For each parameter, n_eff is a crude measure of effective sample size,
and Rhat is the potential scale reduction factor on split chains (at 
convergence, Rhat=1).

New data and R code to read it are as below

R code

testdata <- read.csv("testdata.csv", header = TRUE)[,-1];dim(testdata)

n=length(unique(testdata$fips))
t=length(unique(testdata$year))


X=testdata[,c(6:10)]
y=testdata[,5]

p=dim(X)[2]


X2=array(unlist(X),c(n,t,p))  ## this is in (n,t,p)
X2=aperm(X2,c(2,1,3))            ## change into (t,n,p)
y2=array(unlist(y),c(t,n))



W <- read.csv("w.csv",header = TRUE)
W <- W[,2:103]
In <- diag(1,dim(W)[1])






FE_data <- list(n=n,
                t=t,
                p=p,
                
                W=W,
                In=In,
                
                X=X2,
                y=y2)


fit <- stan(file = "spatialBayes2.stan",
            data = FE_data,
            iter = 2000,
            chains = 4)

test dataset and W matrix
w.csv (26.8 KB)
testdata.csv (14.4 KB)

Thank you so much for your help!

Two computational suggestions:

The bounds for lambda are (-1, 1). Right now yours are [-1, 1], which can lead to problems in the computation.
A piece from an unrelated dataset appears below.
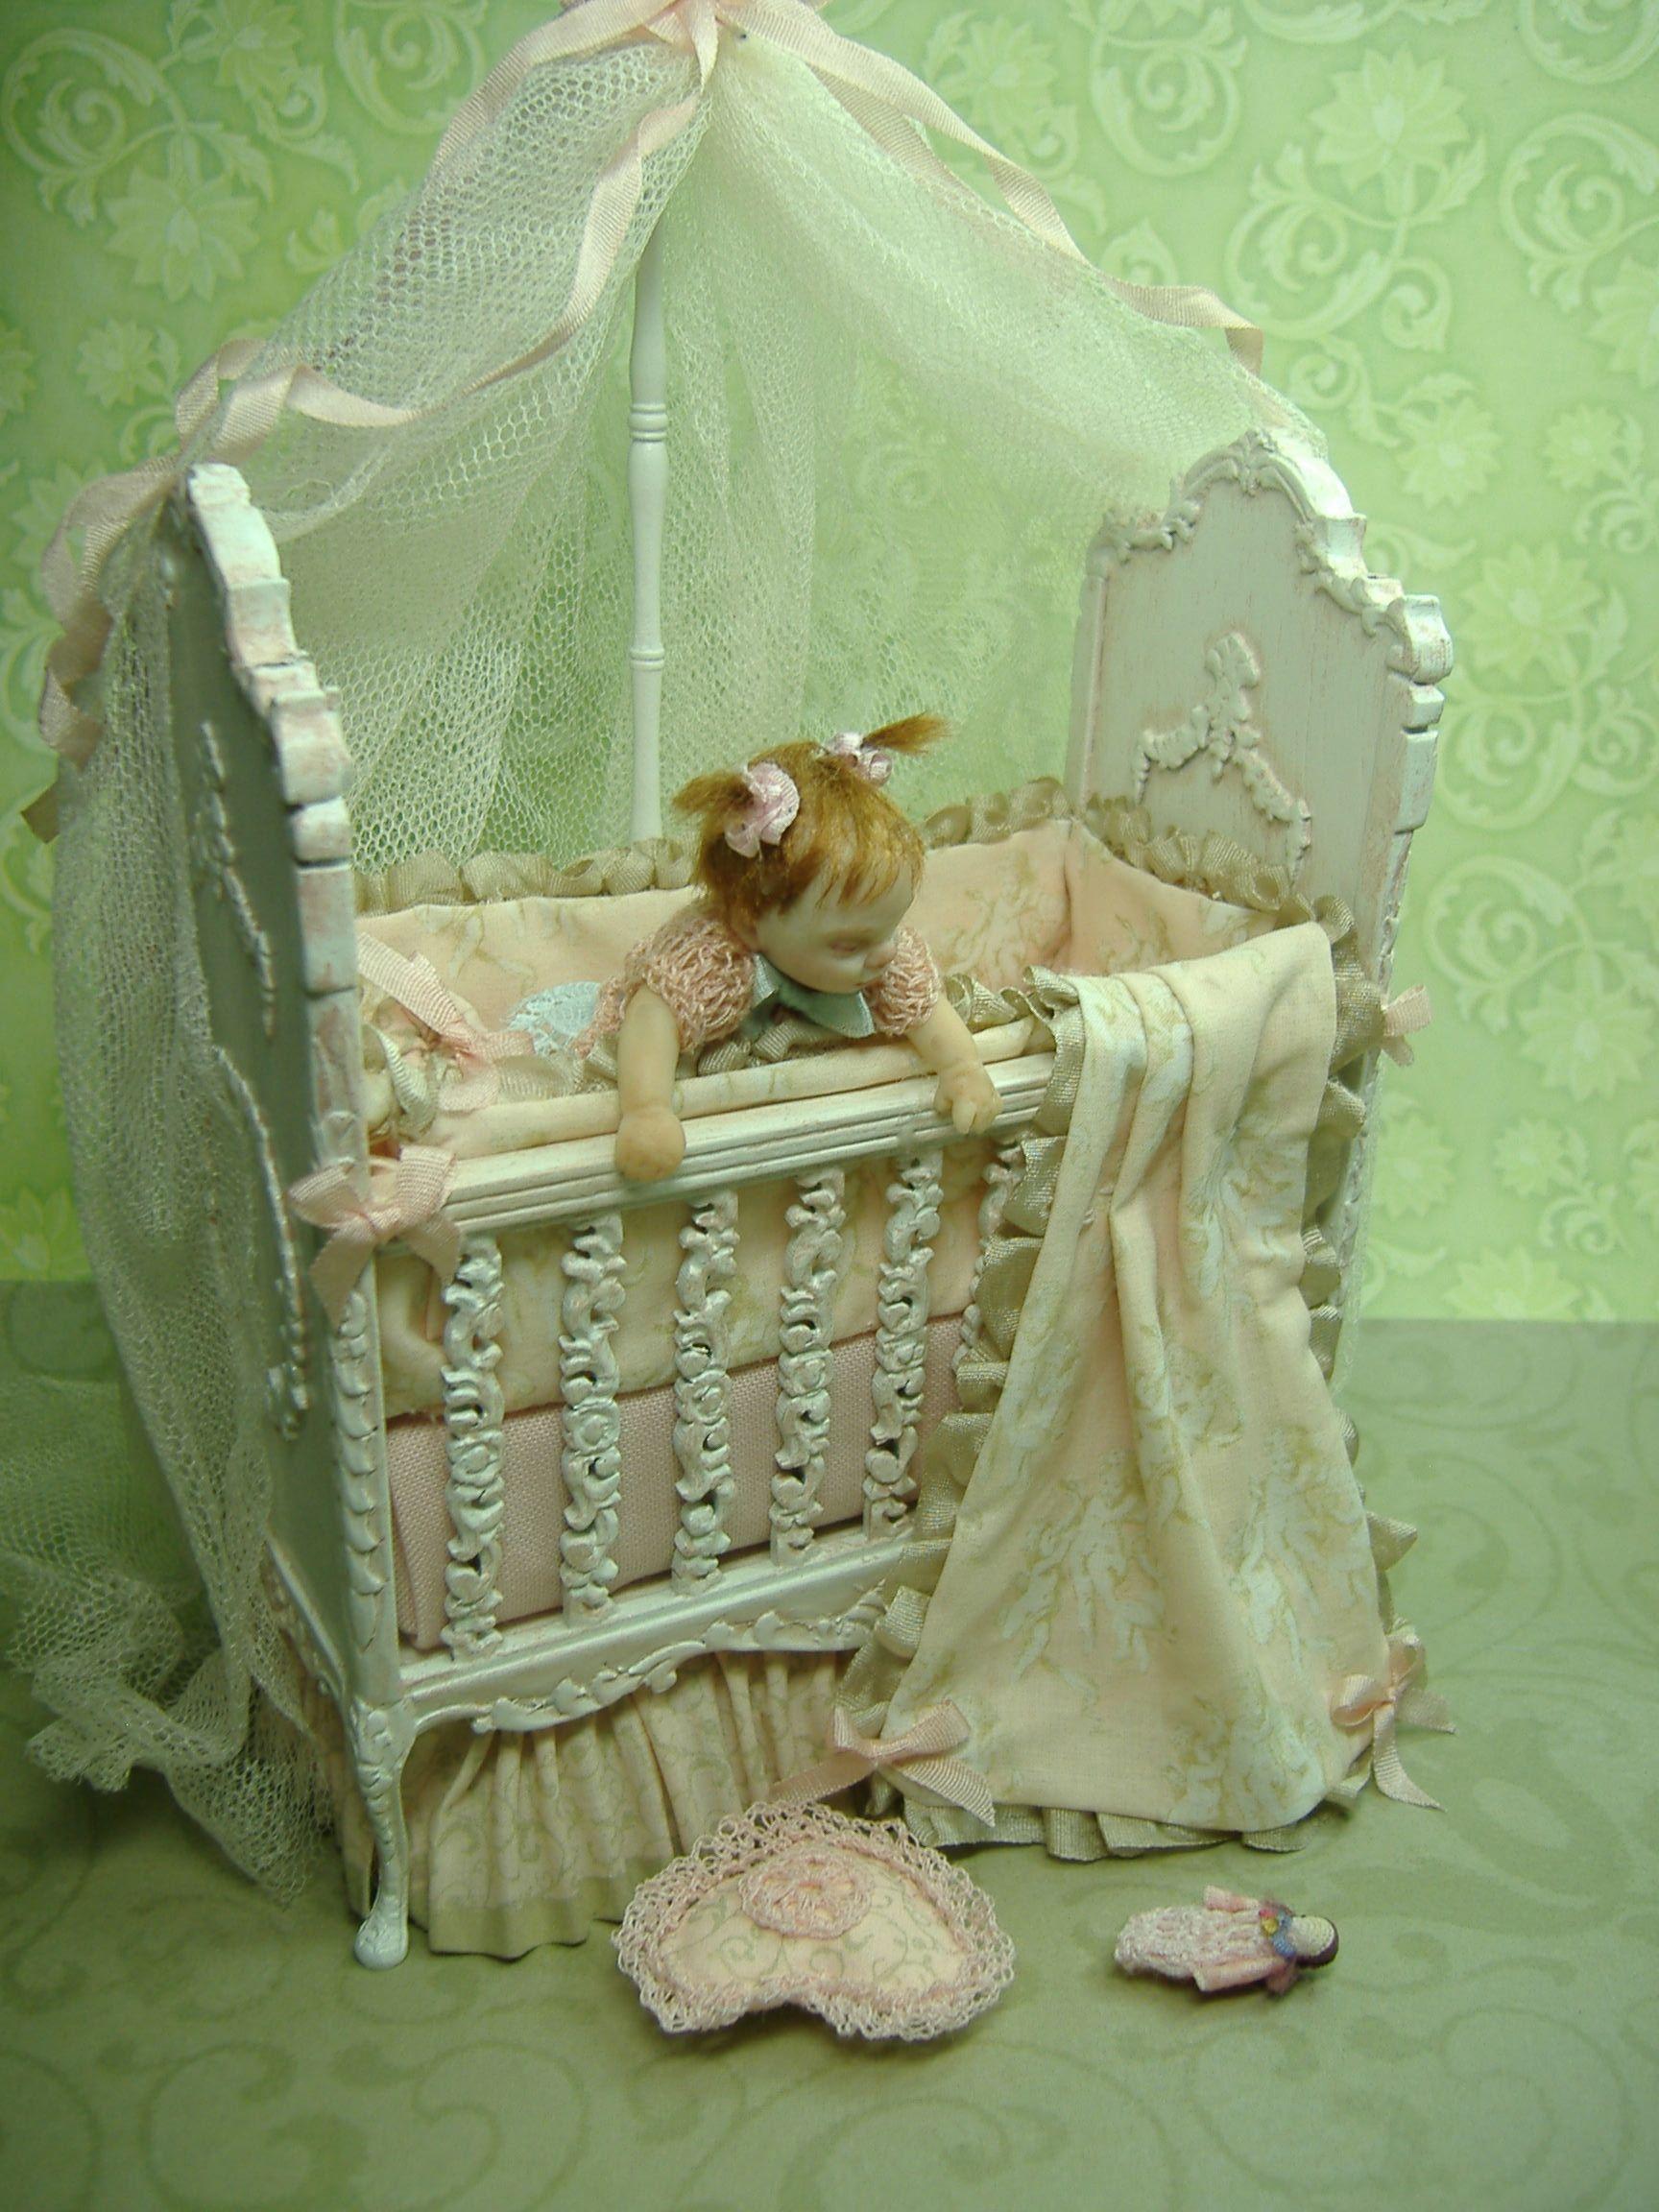 25 Miniature Soft Body Baby By Morena Ciambra  Dreamartdolls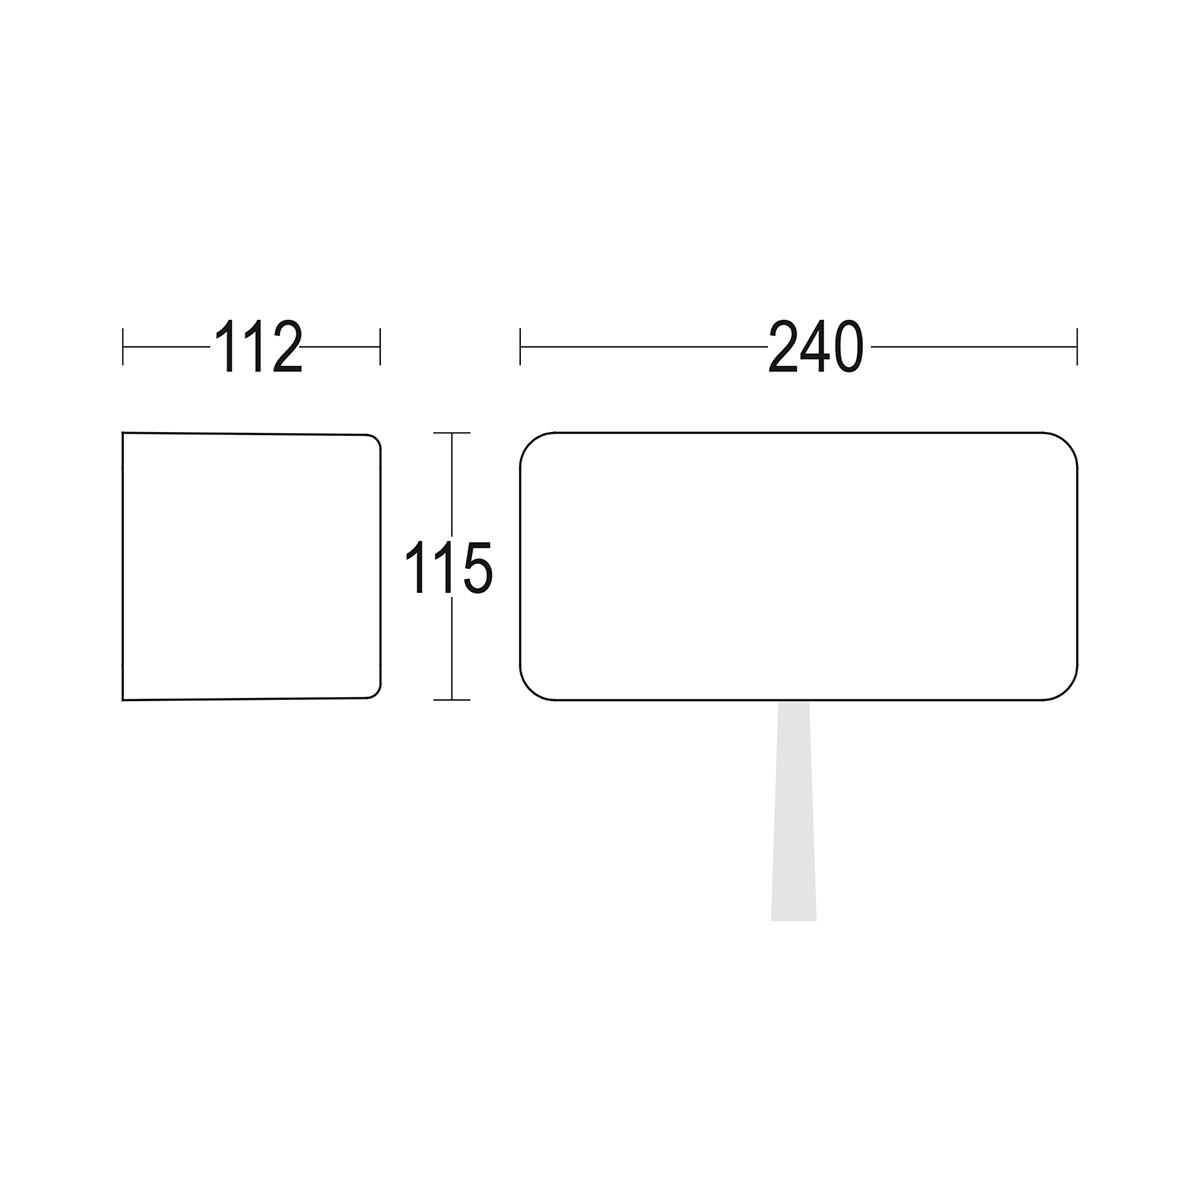 чертеж Modo 1Lens 240x115 Ghidini уличный светильник GH1015.BGXT300EN

Similarly, I always set the lower bound of sigma to be .0001, not 0.


Let us know if these help.
If these suggestions still do not solve your problem, you may need to spell out the matrix inversion more explicitly.

Note that theoretically the transformation used by Stan is such that bounds are open. Technically floating point representation doesn’t allow open bound and under- and overflow may lead to observing boundary values.

This will avoid division by zero or log(0) errors, but may be in practice using lower bound 0.0001 can be worse because if you have too high density near zero, then the errors would give you hint about that, but non-zero lower bound can hide the problem. If you notice you need to change the lower bound from 0 to 0.0001 you should consider more carefully the priors you use. Of course there can be situations where using non-zero lower bound can be justified also by physical constraints.

My understanding is that for spatial error models, the theoretically-sound bounds for lambda are strictly within -1 and 1. Therefore, it is incorrect to even consider -1 or 1.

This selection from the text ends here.